Я прибавил газу и слегка отклонился вправо. Я хотел под­няться выше, чтобы под углом, сбросив газ, спуститься вниз. Но мотоцикл, резко выстрелив, швырнул меня на штрафтрос.

Дельный человек придумал этот штрафтрос. Когда б не он, мы бы сегодня недосчитались нескольких зрителей. И прежде всего этой горбатой старушки. Я увидел ее прямо перед собой. Она была не в черном, а во всем красном. Мотоцикл снес бы ее и ее соседей, как сносит головки одуванчиков прут в руках пацана. Но моя машина ударилась о штрафтрос. Он отбросил меня в "бочку". Я увидел перед собой противоположную стен­ку, затем дно и ужас на лице Павла Германовича. Я зажмурил глаза.

В общем, это очень удобная штука - сочетание скорости мотоцикла и упругости штрафтроса. Я только зажмурил глаза и сразу же открыл их, но оказалось, что я уже не на деревян­ном полу "бочки", а на койке в больнице. Голова у меня побаливапа, но не слишком сильно. Возле меня сидели мама и Федя.

- Что там у меня поломано? - спросил я.

- Тише, - ответил Федя. - Тебе еще нельзя разгова­ривать. У тебя все в порядке. Просто ушиб.

Я не поверил. Я снова закрыл глаза и стал себя мысленно ощупывать от кончиков пальцев на ногах до самой макушки. Ничего у меня особенно не болело, хотя после я убедился, что все тело у меня покрыто синяками. "Гематомами", как выража­лась наша школьная врачиха Розалия Бенедиктовна. И я уже знал, что первым делом сделаю, когда выйду из больницы. За­ставлю Андрея Джуру надеть шлем. Он из пижонства ездил без шлема.

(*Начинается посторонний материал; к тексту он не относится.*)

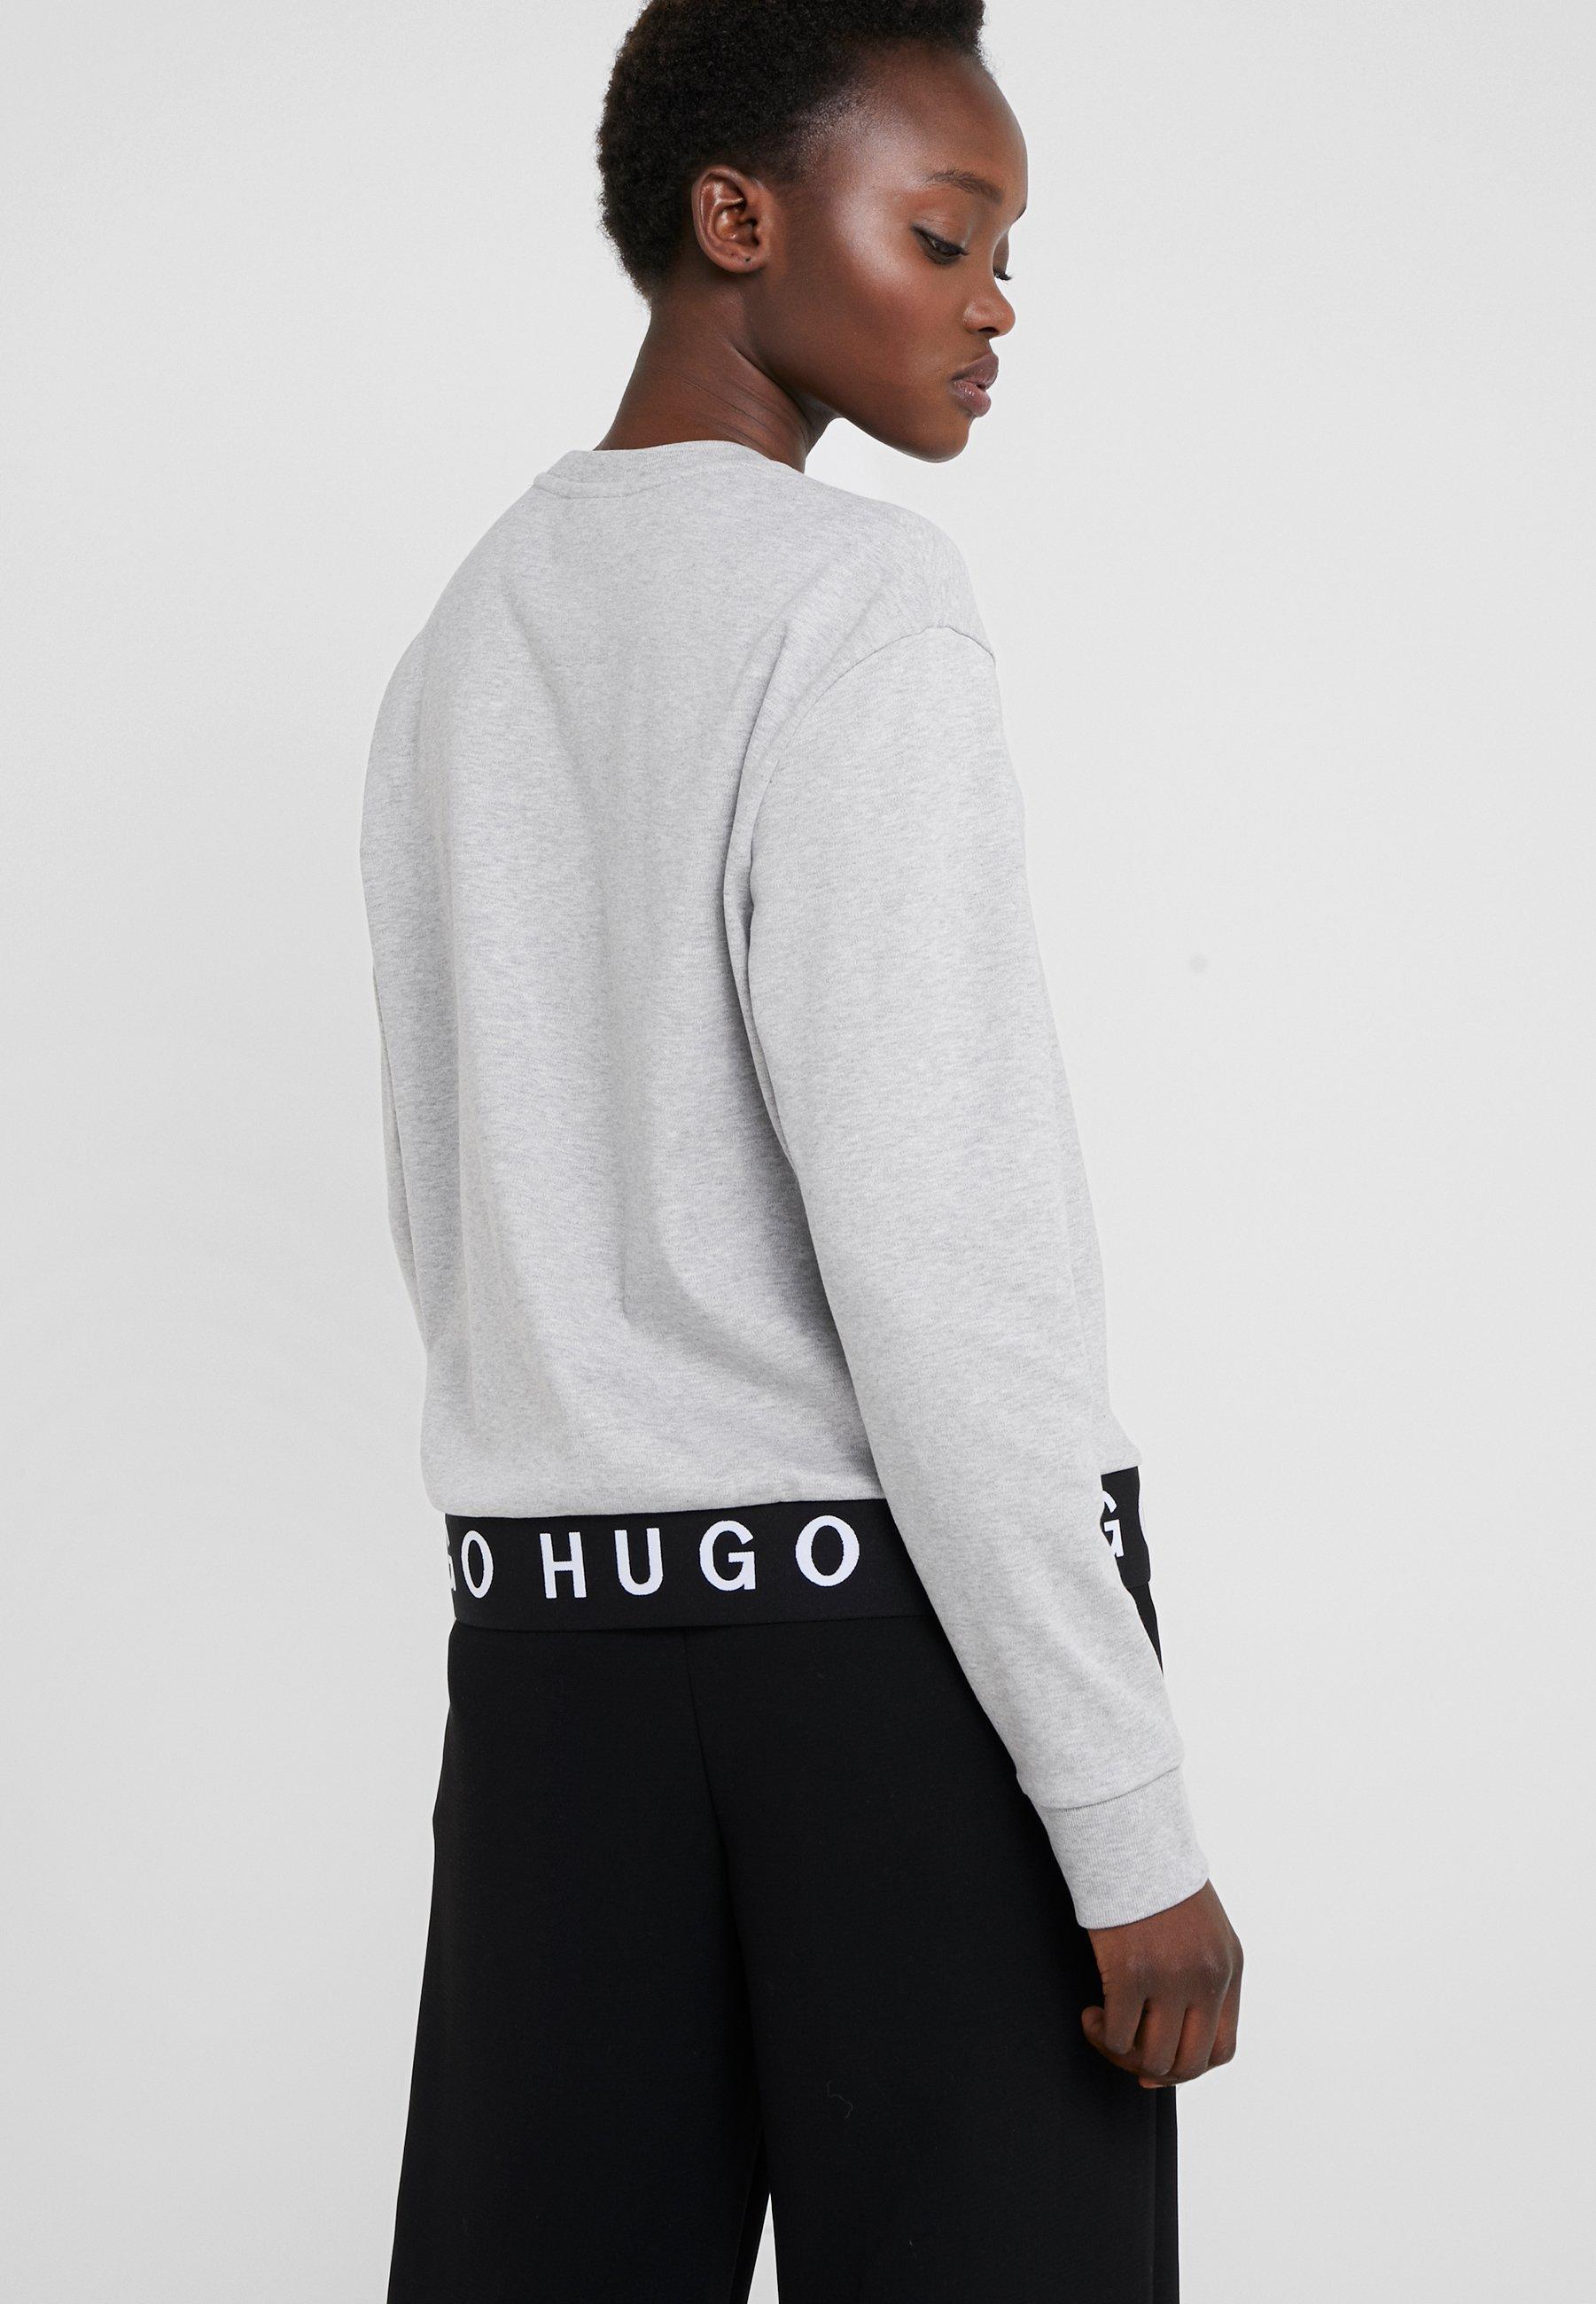 Hugo NicciT shirt Longues À Manches Grey P8k0wOnX

Ночью мне стало хуже. Меня тошнило, и больничная палата, покачиваясь, плыла вниз по крутой спирали. И когда я открывал глаза, все время рядом с собой я видел маму. Она была со­всем не такой, как всегда, она была удивительно ласковой, энер­гичной и похорошевшей, словно девушка. За эти дни, что я лежал в больнице, я ее увидел такой, какой она мне до сих пор не от­крывалась. Такими и должны быть настоящие люди, когда слу­чается беда. Только теперь я понял, что имел в виду Сергей Аркадьевич, когда говорил о маме, как о человеке, каких не­много.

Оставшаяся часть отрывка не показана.